The Media Hub can be used without installing the software in which case it appears on your home network as a separate computer with a shared drive and you can of course manually copy your important files to that disk or use any third party backup applications. The software provided with the Media Hub will however do all this for you and in a much better way than other software I've used. Automated backups for data can be made via an application called NTI Shadow and an import utility for media files (MP3, video etc) via Media Importer.
NTI Shadow allows you to define an area on your computer that you need to have backed up. You can define multiple areas and how often your want the software to do the synchonisation for you : only when you ask; every time you make a change; every few minutes; once a day at a certain time. Archived data is only available to your machine.
Media Importer will search out content files and copy those to the Media Hub in much the same way as NTI shadow, except the content is then available to all machines on your network. A great way of having a single store of MP3 tracks rather than a few on each machine!
I have a lot of music on my computer and this does highlight on of the problems with home-based network attached storage. The maximum transfer speed I could get across my home network was about 500KB/second. My 10G bytes of data took a number of days to transfer. Many wireless networks could be slower! This initial transfer is however a one-off, the software didn't noticeably affect computer or internet performance and was happy to start and stop as I closed my computer down at the end of each night. I would suggest only connecting one computer at a time though.
Accessing your media
You can of course simply access your media via the shared drive (which the software thoughtfully configures for you).

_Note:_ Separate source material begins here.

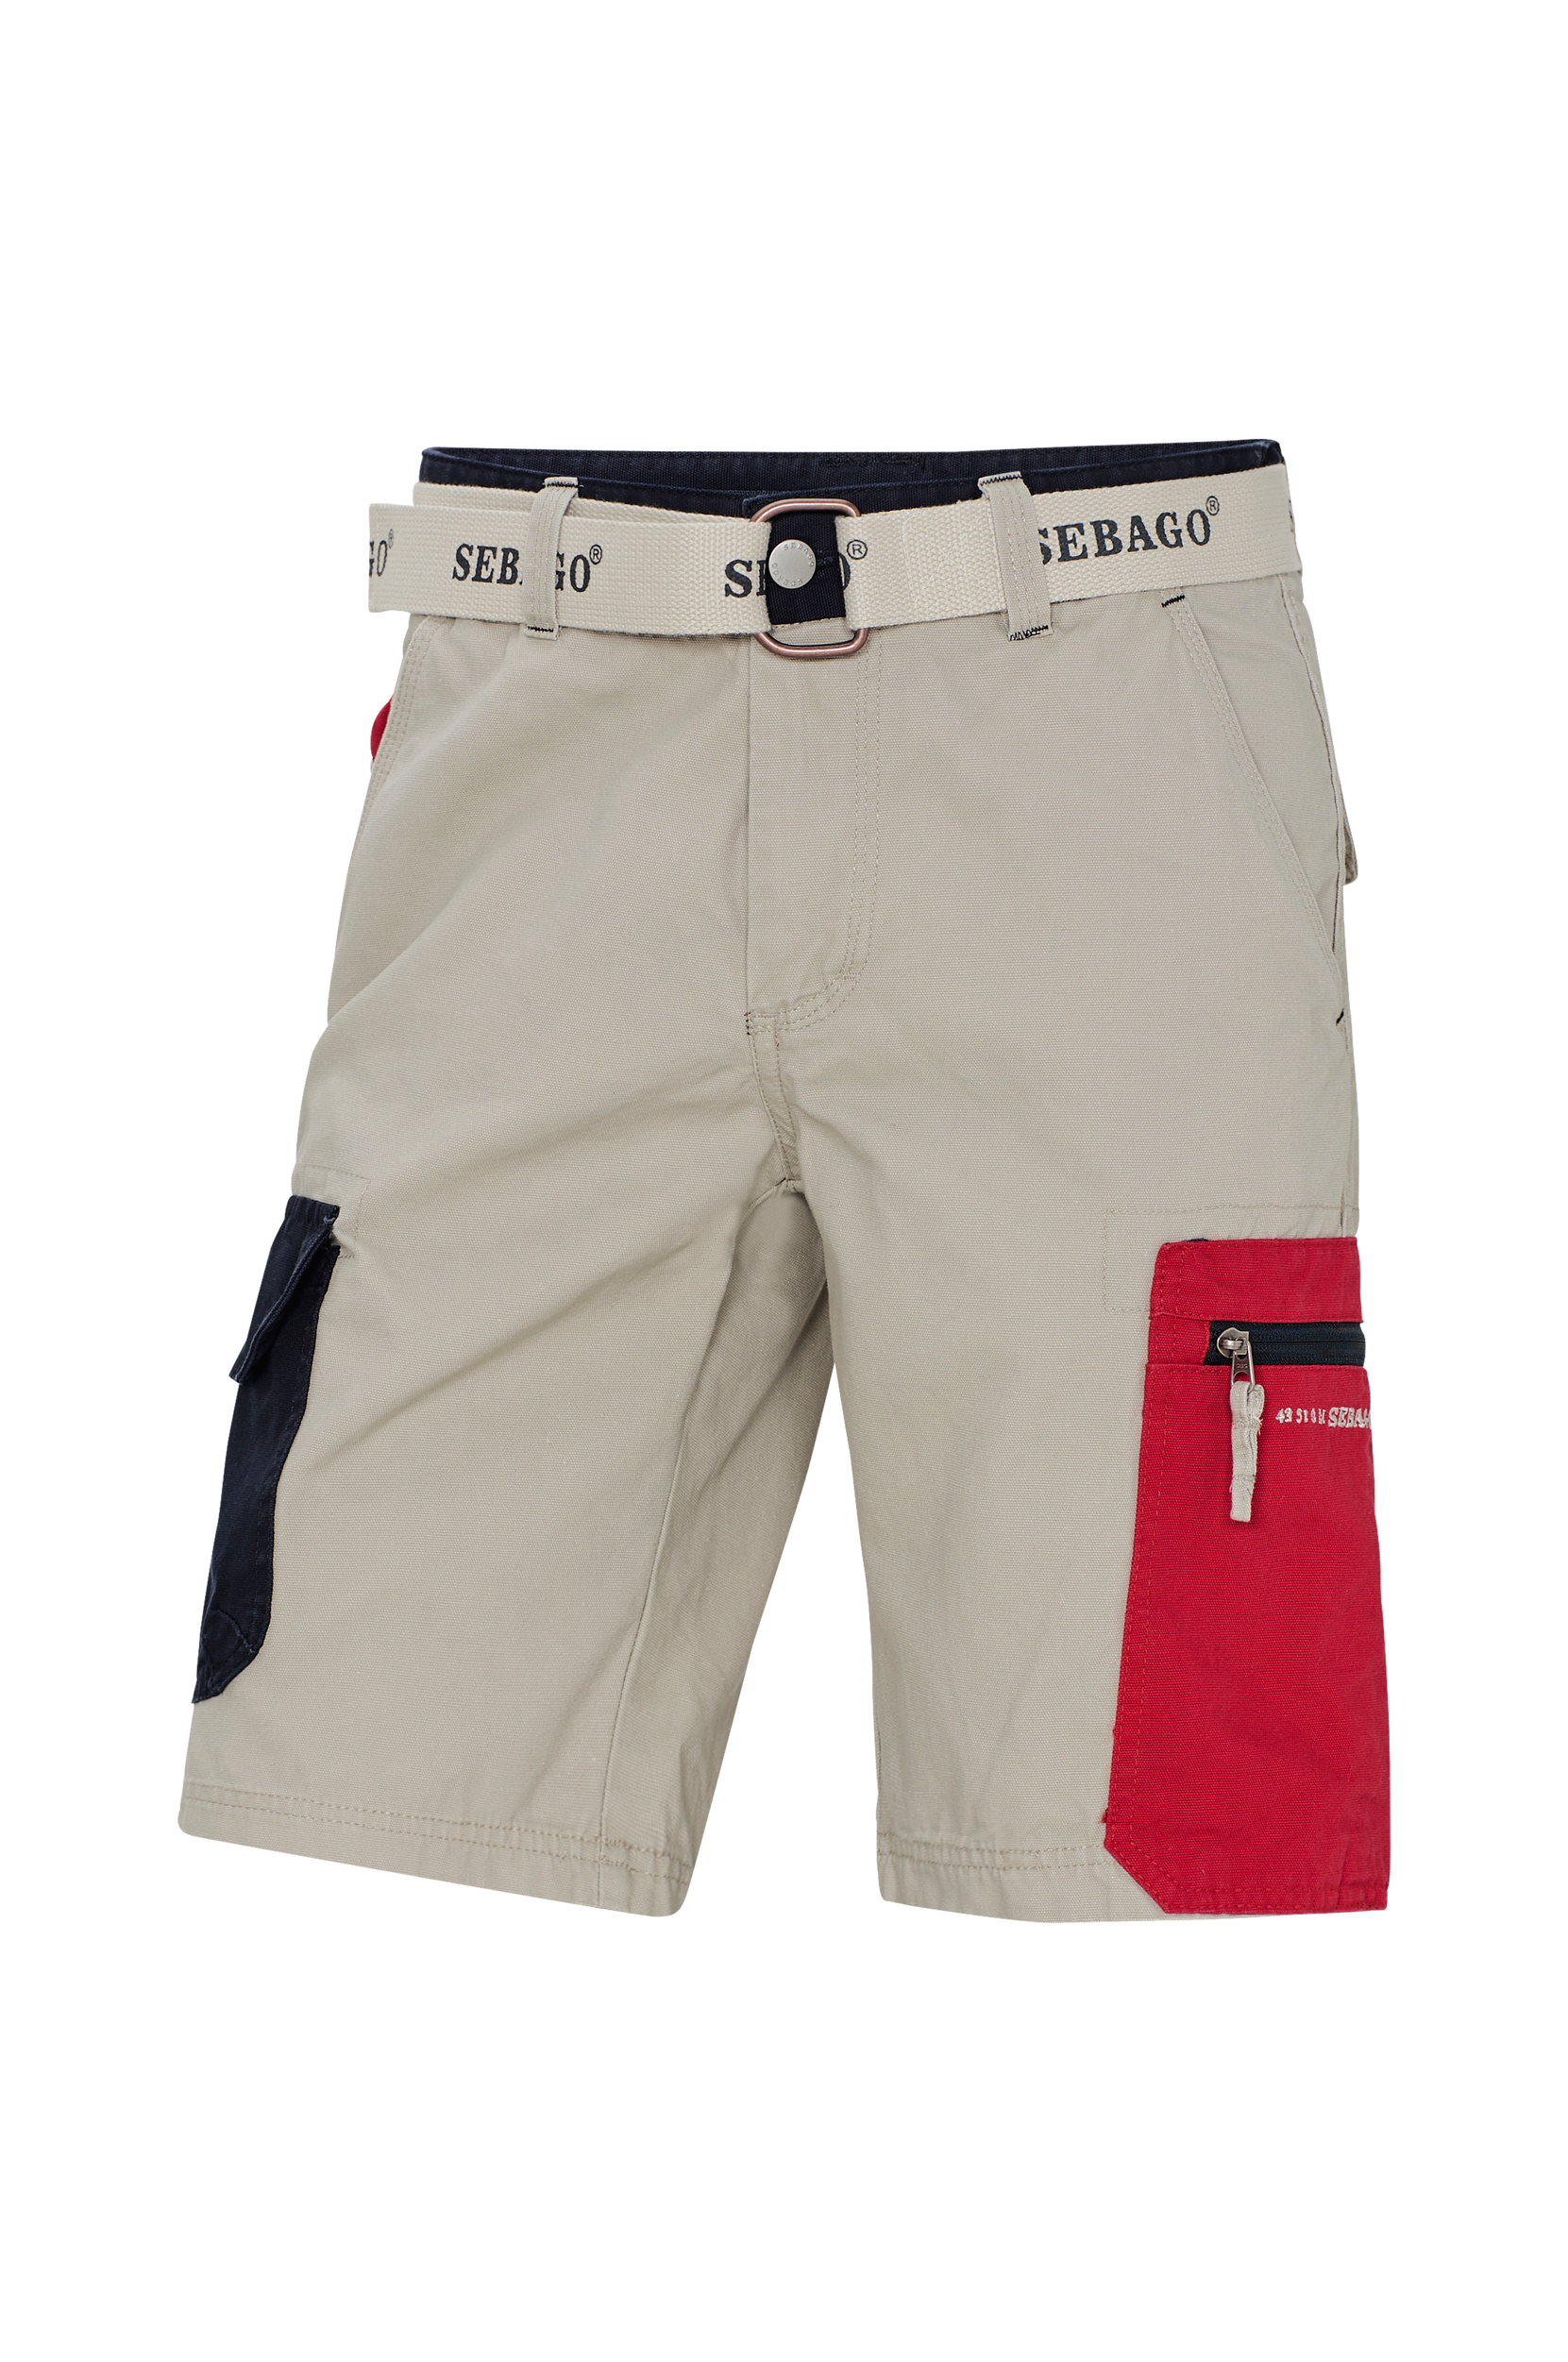 Sebago - Cargoshorts Red Pocket Shorts - Beige - XL

Part of the configuration also sets up your web-browser so you can type "http://mediahub" into your address bar and you're taken to a Macromedia Flash application that lets you manage your media hub and directly access your media files. you can play music, browse photos through a slide show or watch video directly from this application. I did have a few problems with this application and is probably the weakest part of the product. Notably all my photos only displayed the top half!
The Media Hub has two USB 2.0 ports - one on the front and one on the rear. You can connect memory sticks or hard-disks to these. I connected both a 1G byte Kensington memory stick and an 80GB external hard-disk. These were both handled very nicely. I particularly liked the way these appeared as folders of the single shared drive. Very easy to use.
This is one of the fairly rare well designed media storage and backup units that I've looked at recently. Coupled with a second disk and RAID1 enabled you'll have a reliable data store both for sharing your media files and making effortless backups of your important file areas - without having to remember to so do.
The software worked well, was intuitive and Linksys have tried hard to avoid feature bloat with the attendent complexity that invariably brings.
Be aware that with all these network attach storage systems for the home the limiting factor is likely to be your home network. This should become less of an issue with time with faster wireless technologies.
The 500GB version I've been reviewing is available for £193.71 from Amazon and the 1TB version for £257.16, both including shipping. The Amazon site also has a short video so you can get a feel for the system. Given an additional 500G hard disk can be added for around £37 this makes for a very good value RAID-1 backup system.